▸ Task details:
Reproduce, word for word, the lines in the material below starting with the one that has "faux fur coats" and going on through the one that has "Inside the 15'". Leave out all pictures.

▸ Input data:
▼▼▼

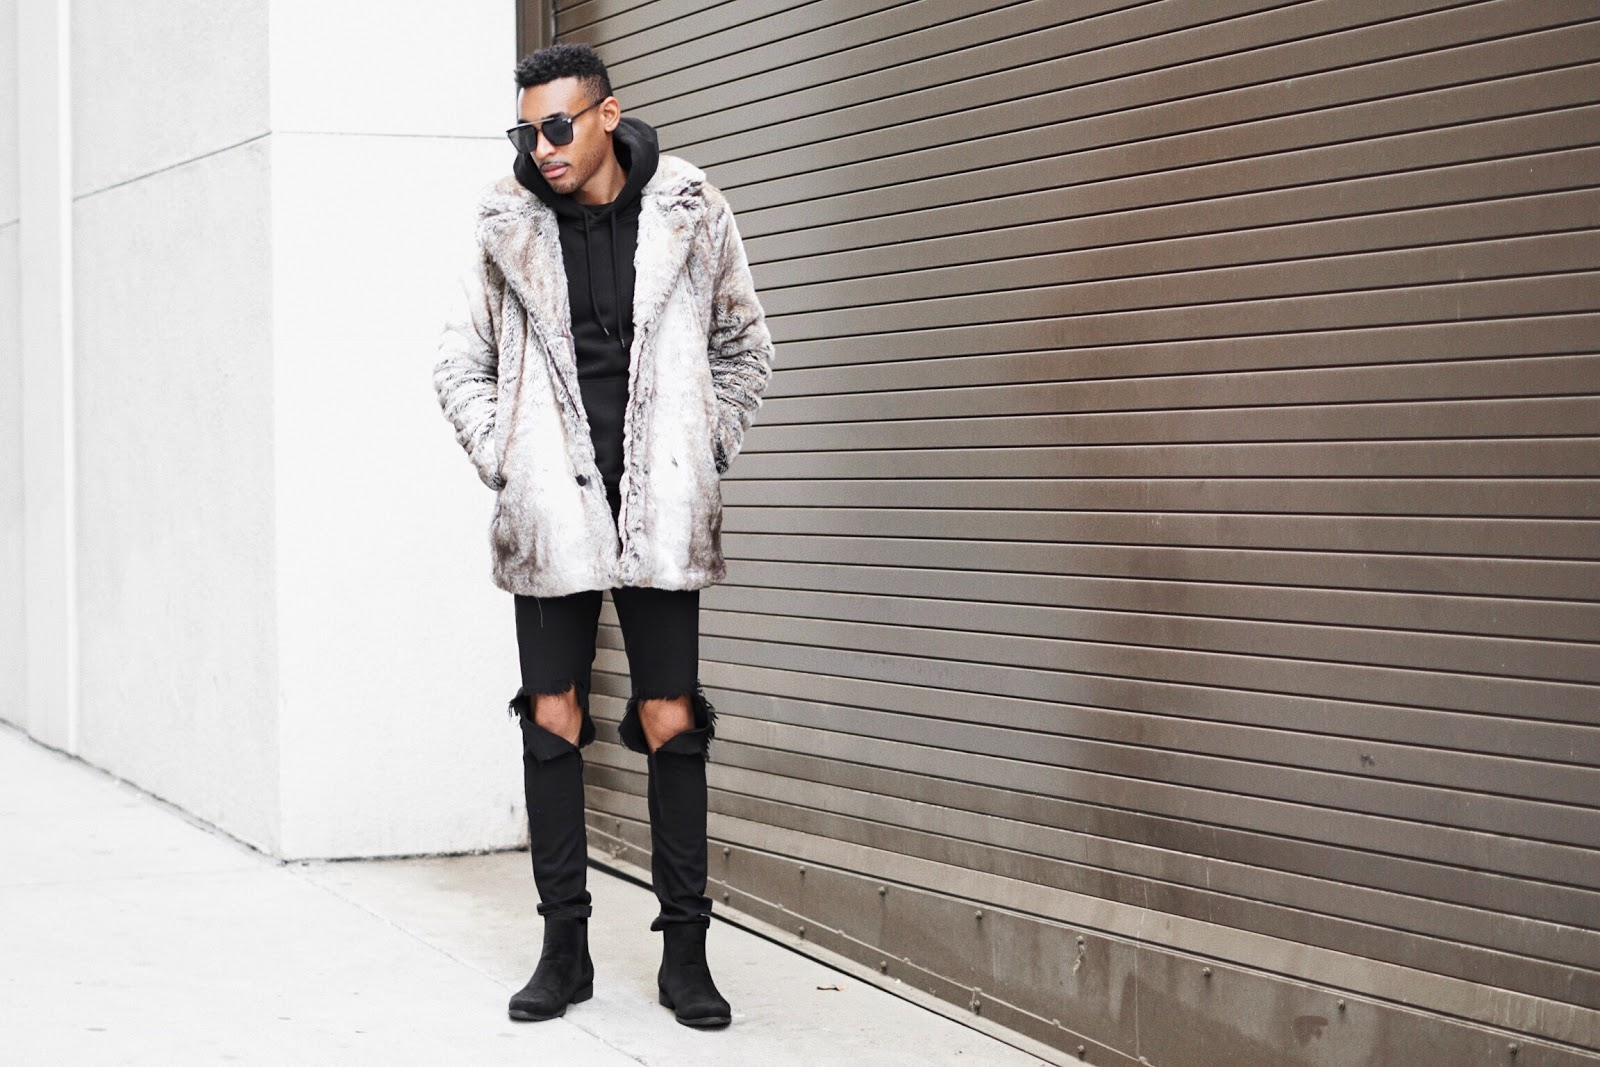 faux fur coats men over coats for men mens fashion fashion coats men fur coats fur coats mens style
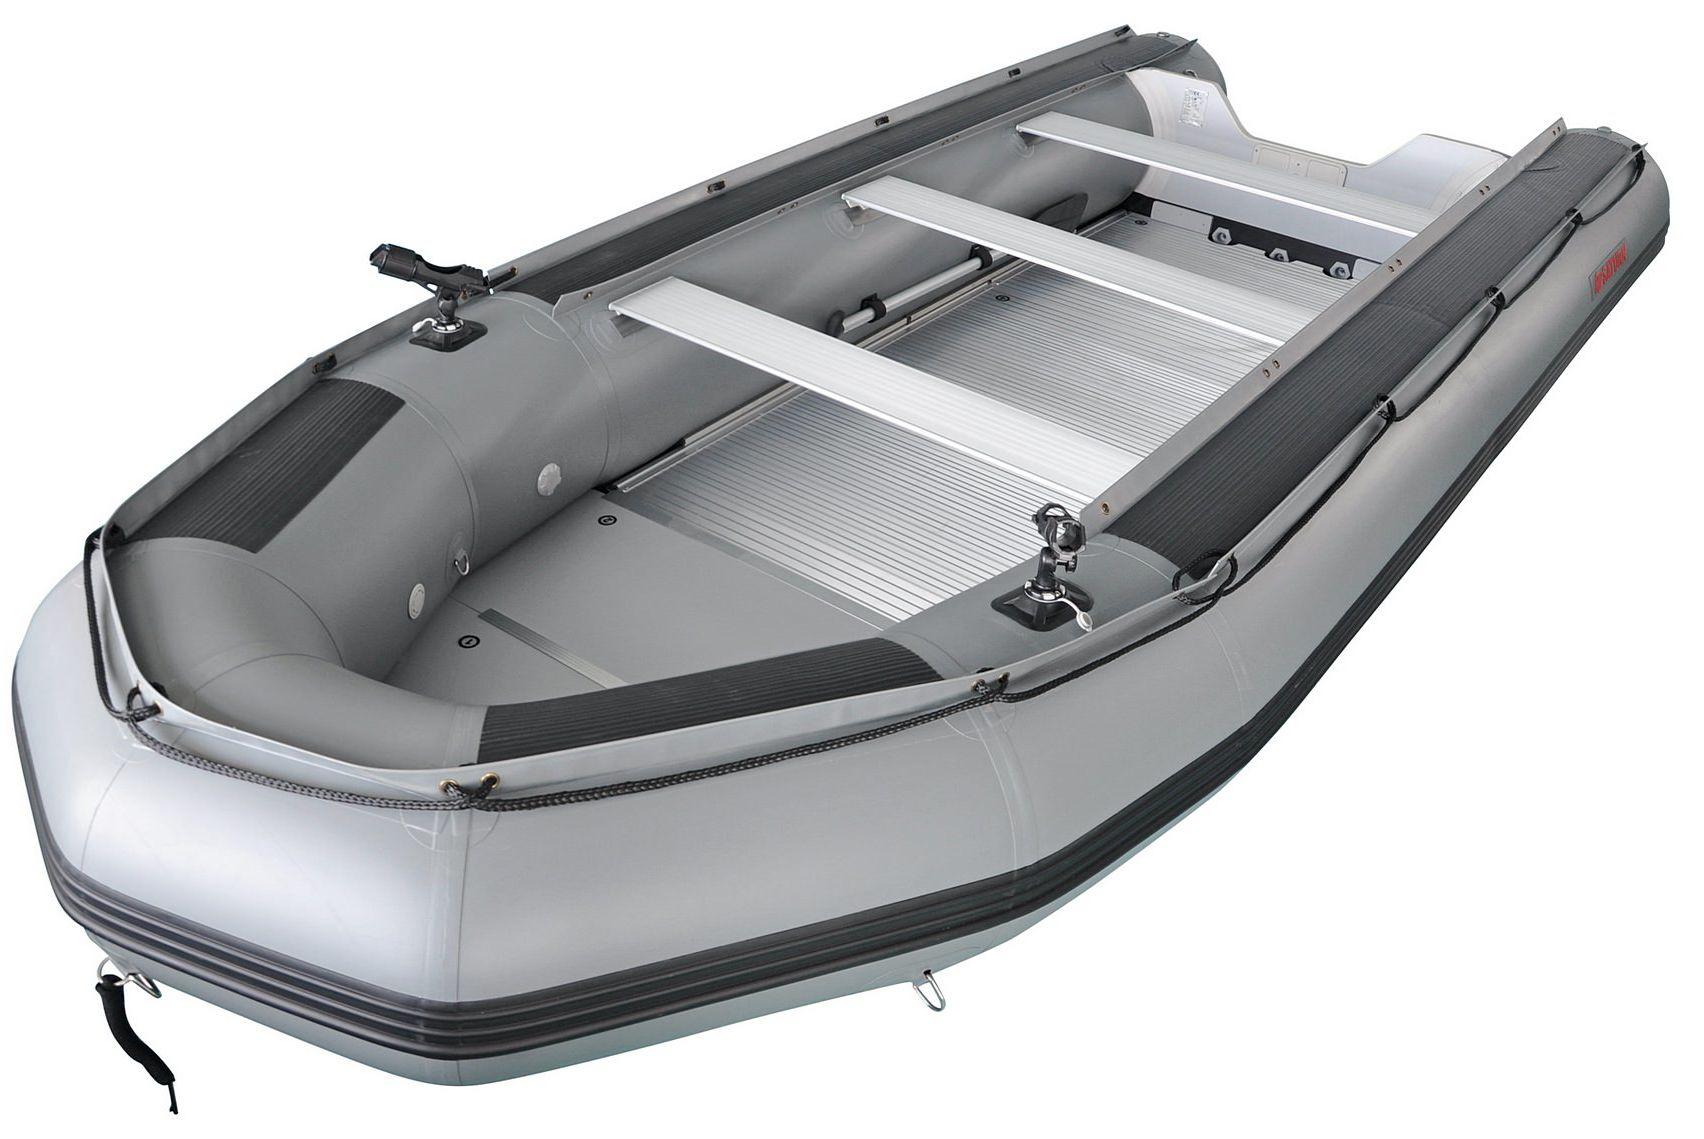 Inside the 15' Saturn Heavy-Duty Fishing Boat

▲▲▲
▼▼▼

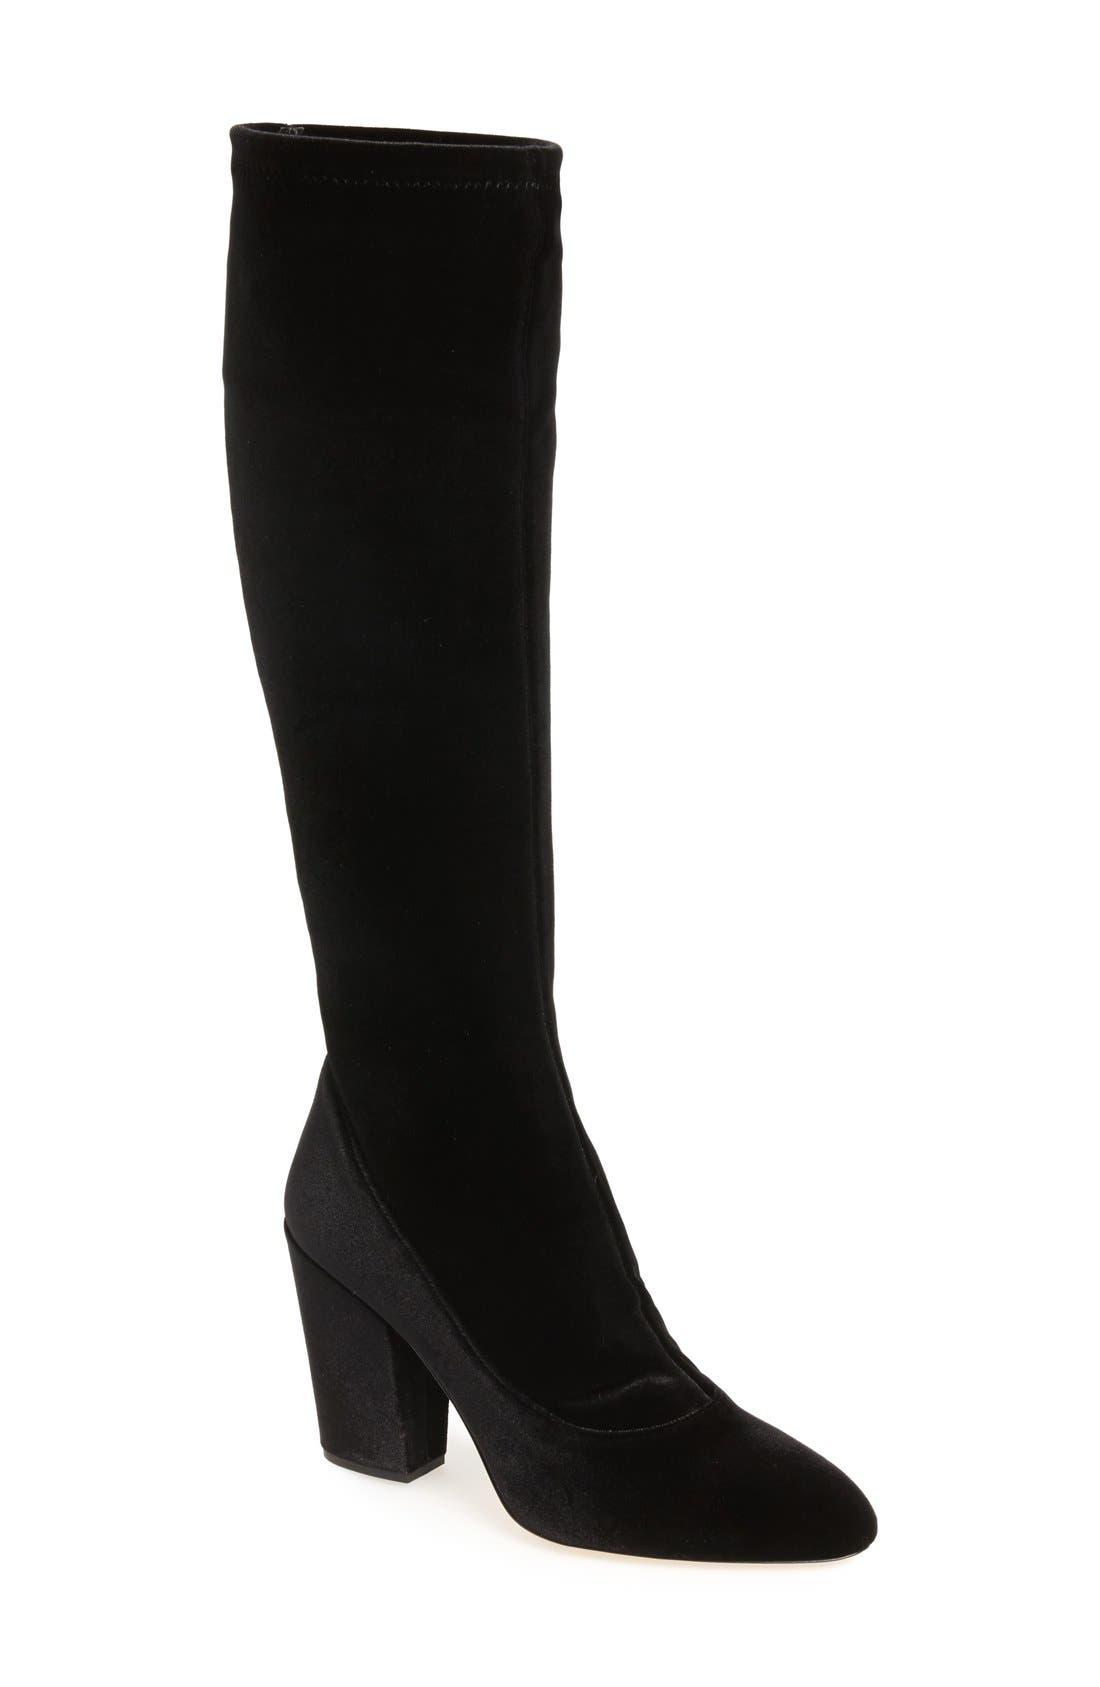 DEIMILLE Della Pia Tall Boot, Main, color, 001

▲▲▲

▸ Reply to the exercise:
 faux fur coats men over coats for men mens fashion fashion coats men fur coats fur coats mens style
 Inside the 15' Saturn Heavy-Duty Fishing Boat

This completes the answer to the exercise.